UE News, December 1995
AFTER MONTHS OF DELAY, so-called Senate
"moderates" have come up with a new "OSHA Reform" Act (S 1423) which
is supposed to be a moderate answer to the Ballenger bill (HR 1834), reported on in this
column in October. This new bill is anything but moderate. It is a four-square
attack on the health and safety protections American workers have won over the last two
What's more, Senate sponsors are trying to ram the legislation through the
Senate quickly, before workers and the public understand the bill and organize opposition
to it -- as we have done so effectively around the Ballenger bill. The first hearings on
the Senate bill were held in November, just one week after the bill was introduced, and
then in the first week of December. This is almost record time for the Senate, which
traditionally spends many weeks and months deliberating major (and minor) national issues.
The new bill, known as the Gregg-Kassebaum bill, shifts the focus of OSHA
activity away from enforcement of standards to assistance for employers and restricting
worker rights. The bill would exempt even the most hazardous U.S. workplaces from
inspection, sharply reduce OSHA fines, let OSHA issue warnings instead of fines, and
further limit investigations of worker complaints. It also sneaks in a broad, far-ranging
change in the National Labor Relations Act by allowing employers to set up company unions,
now outlawed, around health and safety and other issues.
The new Senate bill was introduced by Nancy Kassebaum (R., Kan.), chair of
the Senate Labor and Human Resources Committee, and Judd Gregg (R., N.H.), well known for
his hardline, anti-labor stances. The bill is called the Occupational Safety and Health
Reform and Reinvention Act (S 1423). Other cosponsors include Sens. James Jeffords (R.,
Vt.), Sam Nunn (D., Ga.) and Slade Gorton (R., Wash.).
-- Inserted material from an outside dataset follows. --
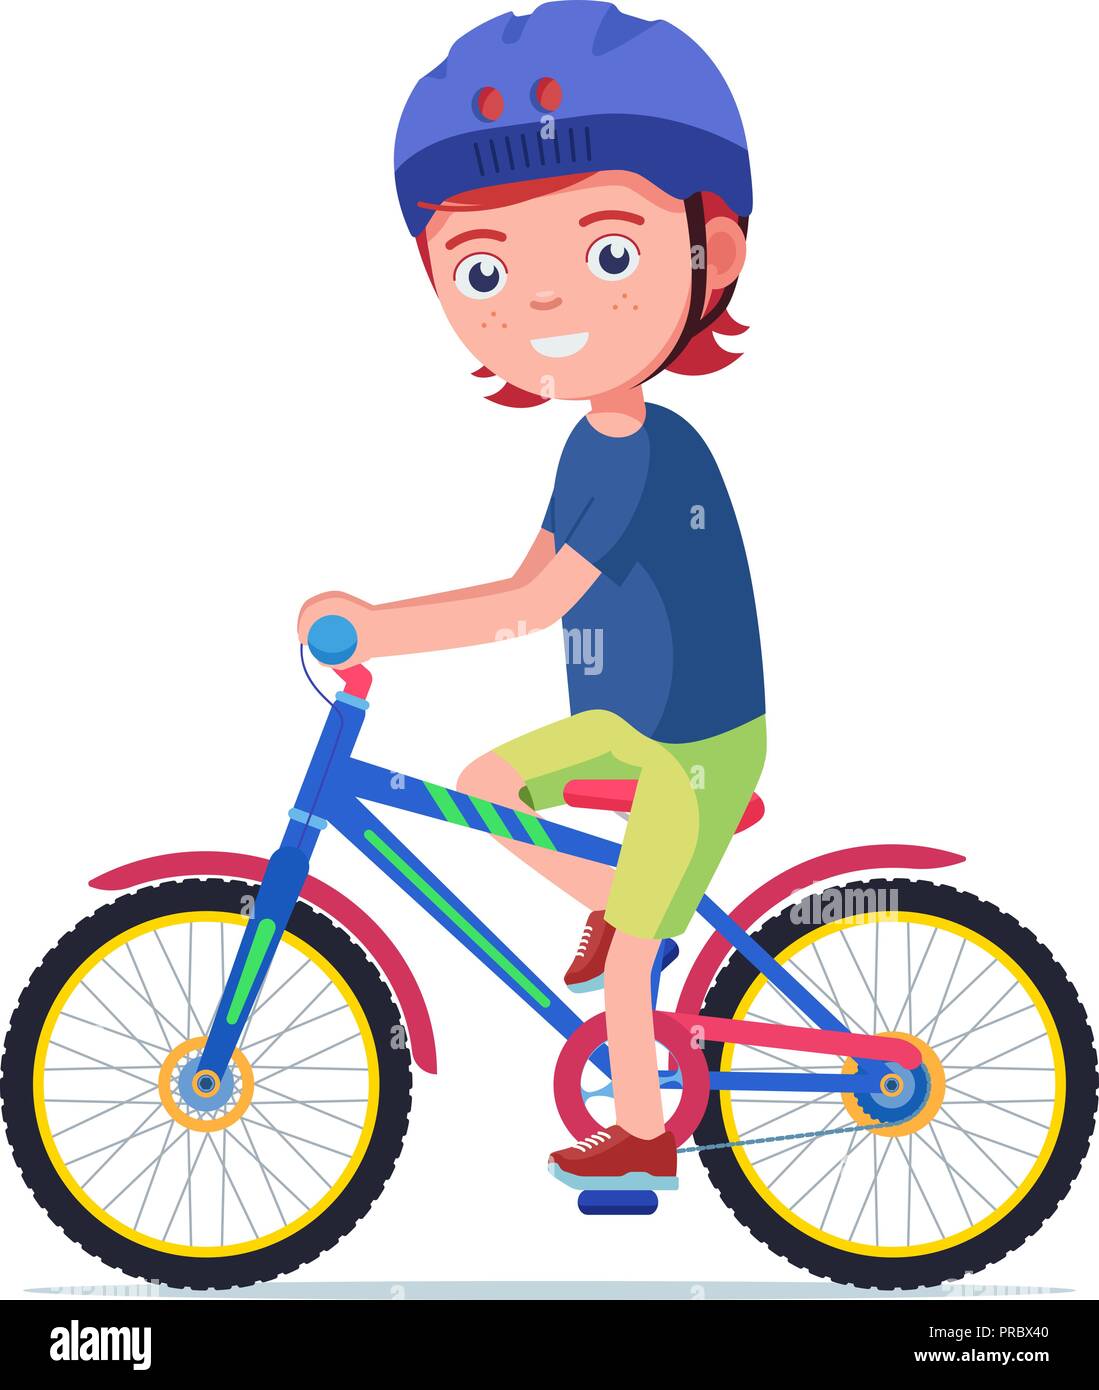 Junge reitet ein Fahrrad in einem Schutzhelm Stock Vektor

Both the AFL-CIO and the Clinton Administration have expressed strong
opposition to the Senate bill. AFL-CIO Vice Pres. Linda Chavez-Thompson and OSHA Dir. Joe
Dear testified against the Gregg-Kassebaum bill at the first Senate hearing in November.
Below are some provisions of the new bill:
Employers exempt from routine OSHA inspections if their
safety record (number of reported incidents) is below the average for their industry.
Thus in dangerous industries like foundries, shipbuilding and poultry processing, if
employers are just below average for their industry, they would be exempt from inspection.
This provision alone would exempt almost half of all U.S. plants and companies from
Employers would also be exempt from routine OSHA inspections
if a consultant hired by the company walks through the plant and certifies that the
employer has a plan to identify and correct the hazards found. This paid company
consultant would essentially replace the OSHA inspector. So good-bye to any independent
health and safety enforcement you've had in the past!
Fines are slashed dramatically. The maximum fine
for each so-called non-serious violation would be reduced from $7,000 to $100. Also,
penalties could no longer be levied for failing to post an OSHA sign, or to fill out and
post the annual OSHA log.
Worker OSHA complaints would be downgraded. All worker
complaints to OSHA would have to be in writing, and would be immediately sent to your
employer, but without your name if you request. OSHA would have total authority to
decide whether or not to conduct an inspection about your complaint. If OSHA decides to
inspect it, it can do so by telephone or by fax.
OSHA can refuse to investigate a worker complaint if it was
filed for "other than safety and health reasons." So if contract
negotiations are coming up, or if you are in the midst of contract negotiations, or if you
are fighting management over speed-up, kiss any worker complaints good-bye, OSHA won't
inspect. Apparently some congressional representatives believe that workplace hazards
are not dangerous during contract negotiations!
OSHA inspectors will no longer be able to see records of company
health and safety studies or reviews. These often provide evidence that
management knew about problems but did nothing about them.
Employers cannot be cited for a violation if they had no prior
knowledge about it. In effect, this is a reward for employer ignorance. And
remember, the OSHA inspector won't be able to look at management records anymore to
determine exactly what the company knew.
Also, employers can't be cited if the violation was caused by
"employee misconduct." So now a good company defense is: "It's not
our fault, we told our employees not to put their hands in the machine, or to wear a face
mask, etc. etc."
Finally, the bill amends the National Labor Relations Act to
allow companies to set up company unions and call them health and safety
committees, or quality circles or whatever issues they want to address. This would
repeal a recent pro-labor (!) decision by the U.S. Supreme Court.
The above are just some of the key provisions of the Gregg-Kassebaum bill.
Does this sound like a moderate bill to you? Yet the Republicans are trying to pass this
off as more moderate than the Ballenger bill. Get your local's political action committee
busy and tell your senator that you oppose this bill. Write letters yourself. Demand that
full hearings be held on the bill; don't let them railroad it through.